### WHAT YOU WILL DO
Using the listing below, set down exactly the lines starting at the line that contains "Стеарин цвет молочный" and ending at the line that contains "Innen- und Außengastronomie", both included, and no others.

### EXERCISE INPUTS

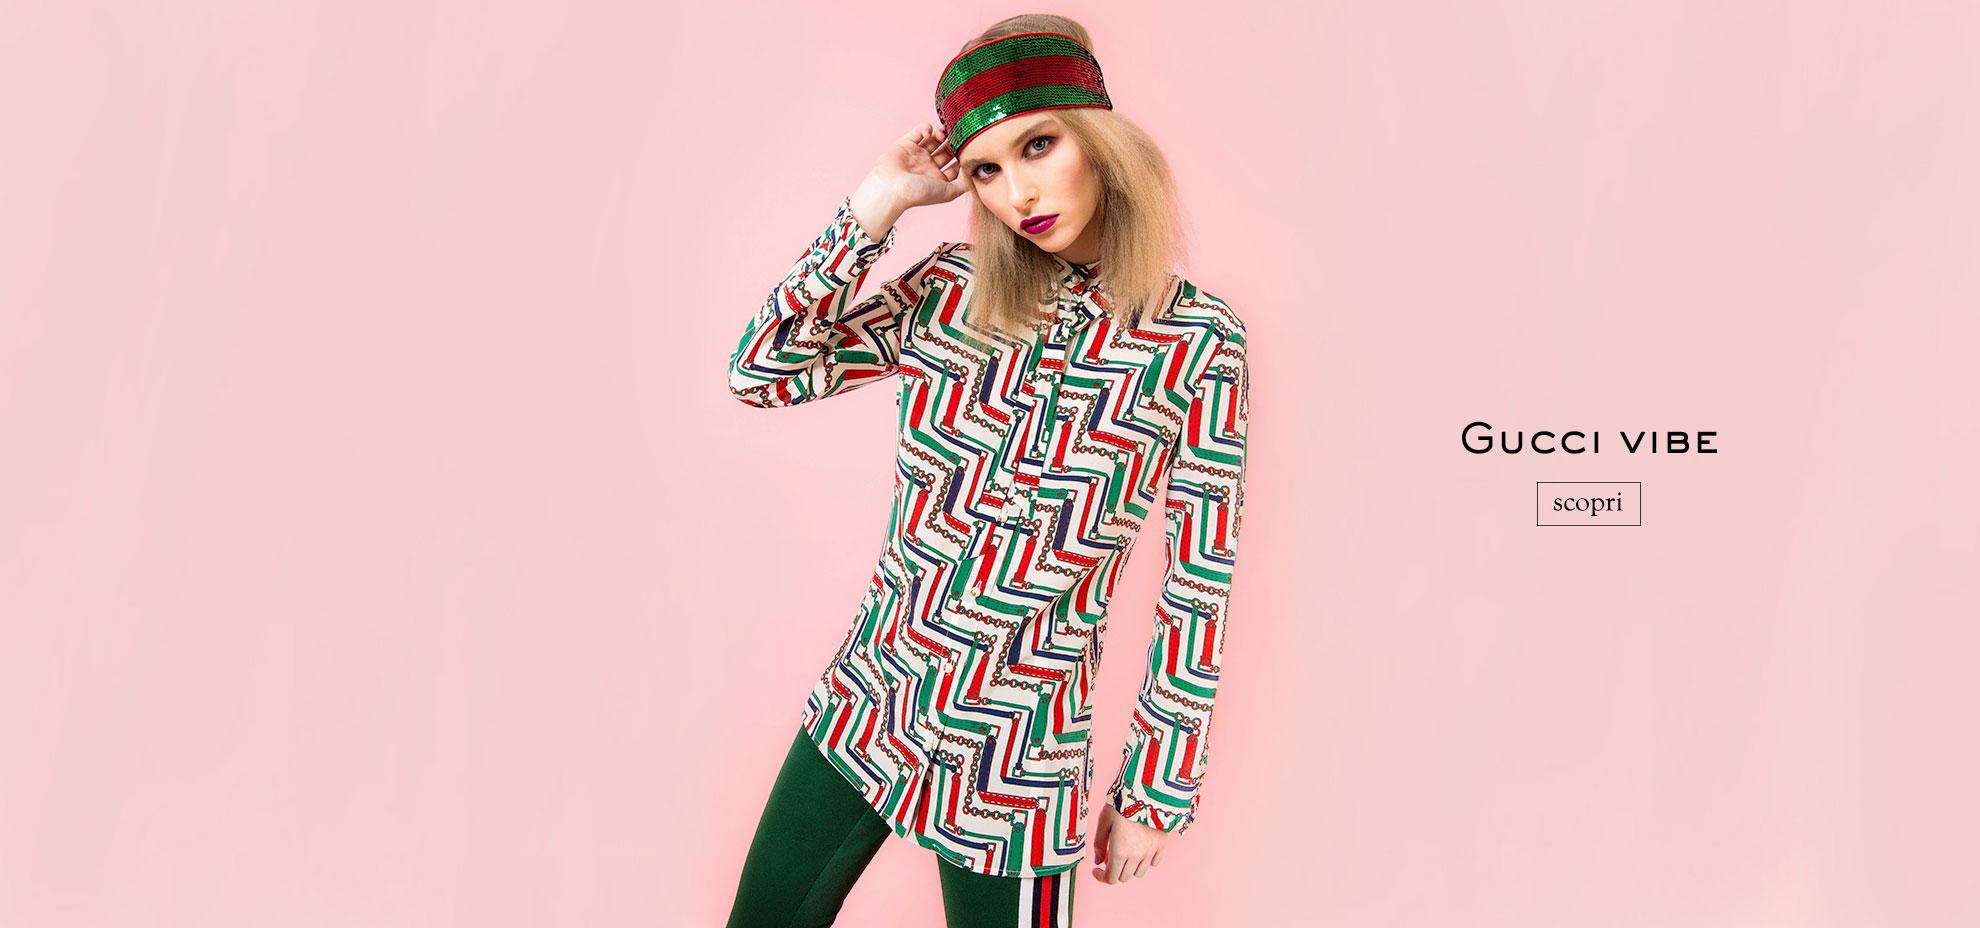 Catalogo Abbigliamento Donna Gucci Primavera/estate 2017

######
### EXERCISE INPUTS

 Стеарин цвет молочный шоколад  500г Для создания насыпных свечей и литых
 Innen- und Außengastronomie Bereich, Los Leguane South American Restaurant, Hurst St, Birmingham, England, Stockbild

######

### WRITTEN RESPONSE
 Стеарин цвет молочный шоколад  500г Для создания насыпных свечей и литых
 Innen- und Außengastronomie Bereich, Los Leguane South American Restaurant, Hurst St, Birmingham, England, Stockbild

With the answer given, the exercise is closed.